The inspection system according to claim 15, wherein the intelligent control center includes a centralized event management module, an intelligent engine module, a big data processing module, an impact analysis module and an event library module; wherein the centralized event management module is Set to perform event awareness, the centralized event management module is set to manage various parameters in the event library module; the intelligent engine module is set to collect the indicator performance of the monitoring object, and perform analysis on the monitoring object. Intelligent analysis and prediction of the indicator performance; the big data processing module is configured to extract the real-time operation data, and perform adaptive adjustment algorithm on the monitoring object according to the real-time operation data and the preset benchmark value. Adjustment; the impact analysis module is configured to predict the impact of faults on the monitoring object;

Moreover, the centralized event management module, the intelligent engine module, the big data processing module, the impact analysis module and the event library module communicate with each other and work together to provide situation awareness capabilities.

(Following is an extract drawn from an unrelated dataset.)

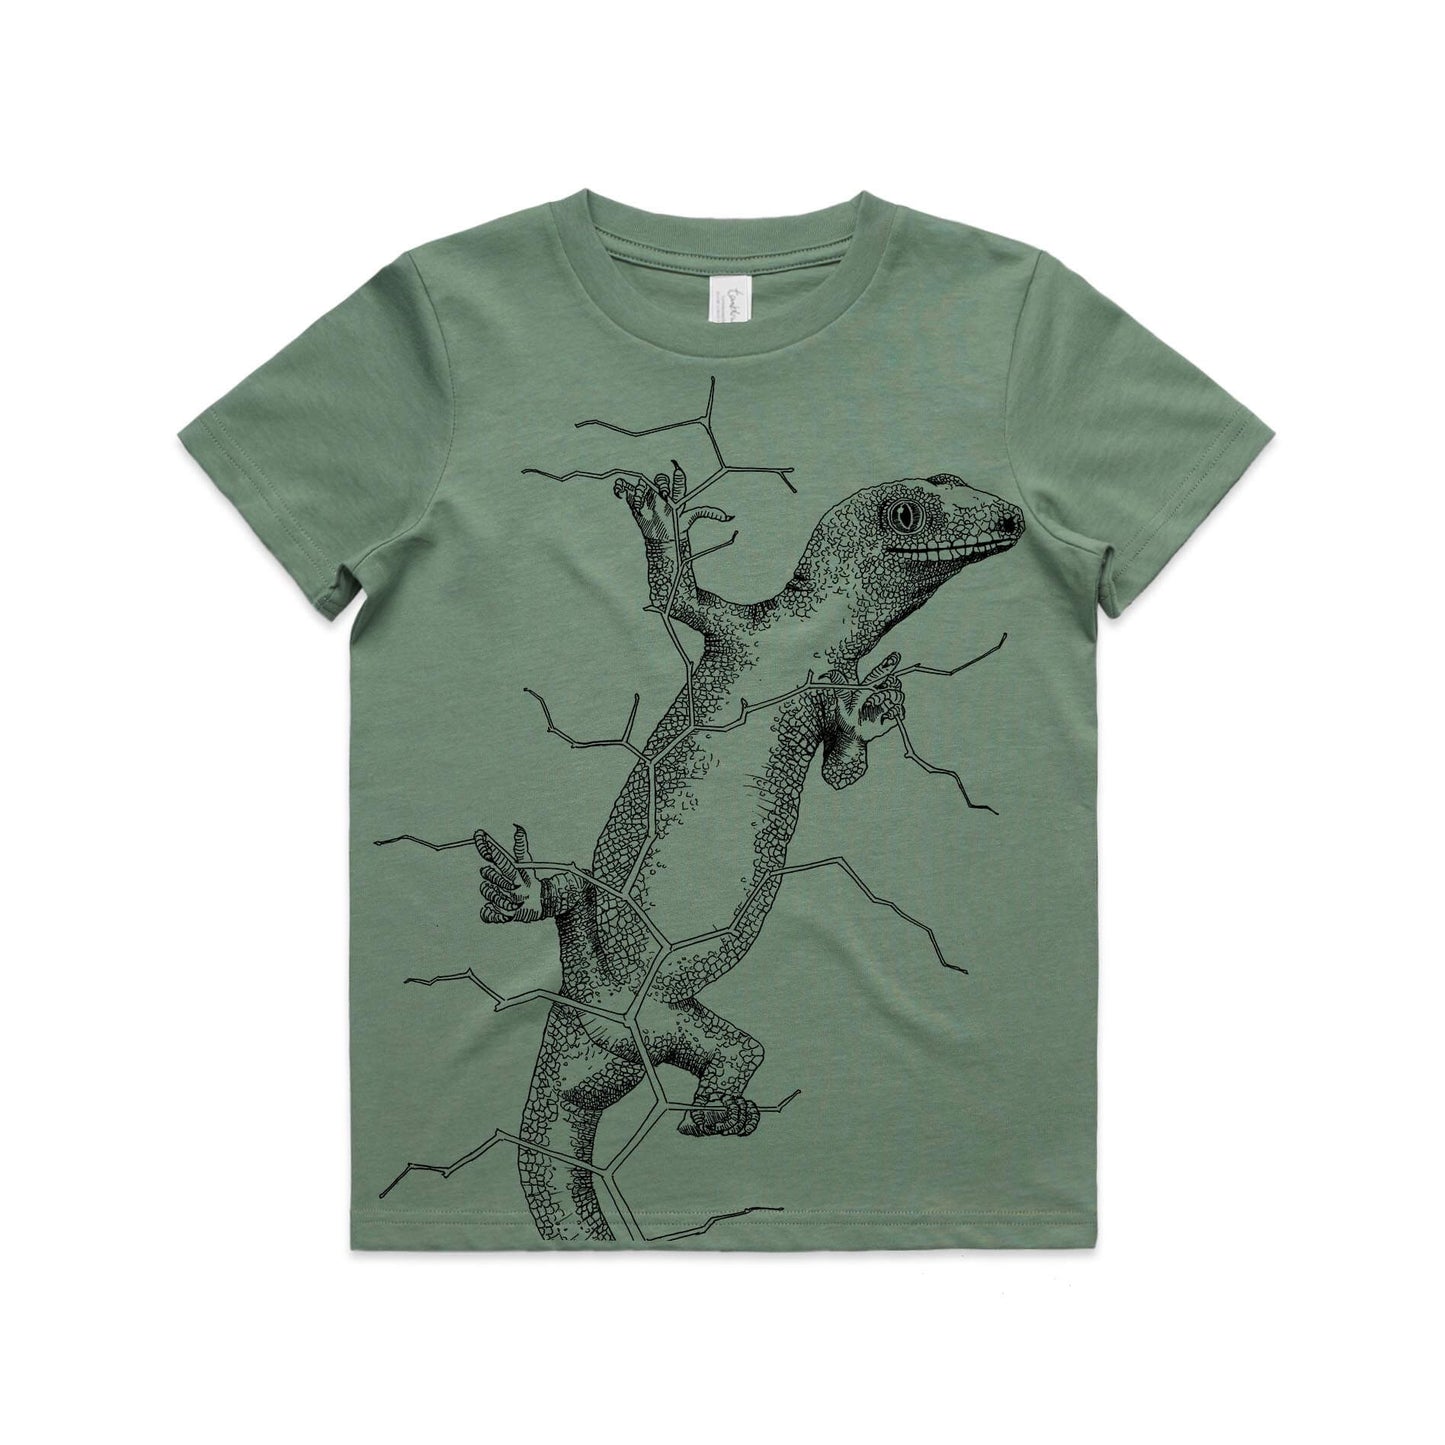 Sage, cotton kids' t-shirt with screen printed gecko design.

An electronic device, including: a memory, a processor, and a computer program stored in the memory and executable on the processor. When the processor executes the computer program, the implementation as described in any one of claims 1 to 13 is achieved. The inspection method and/or the alarm method as claimed in claim 14.
A computer-readable storage medium, the computer-readable storage medium stores a computer executable program, the computer executable program is used to cause the computer to execute the inspection method as described in any one of claims 1 to 13 and /or the alarm method in claim 14.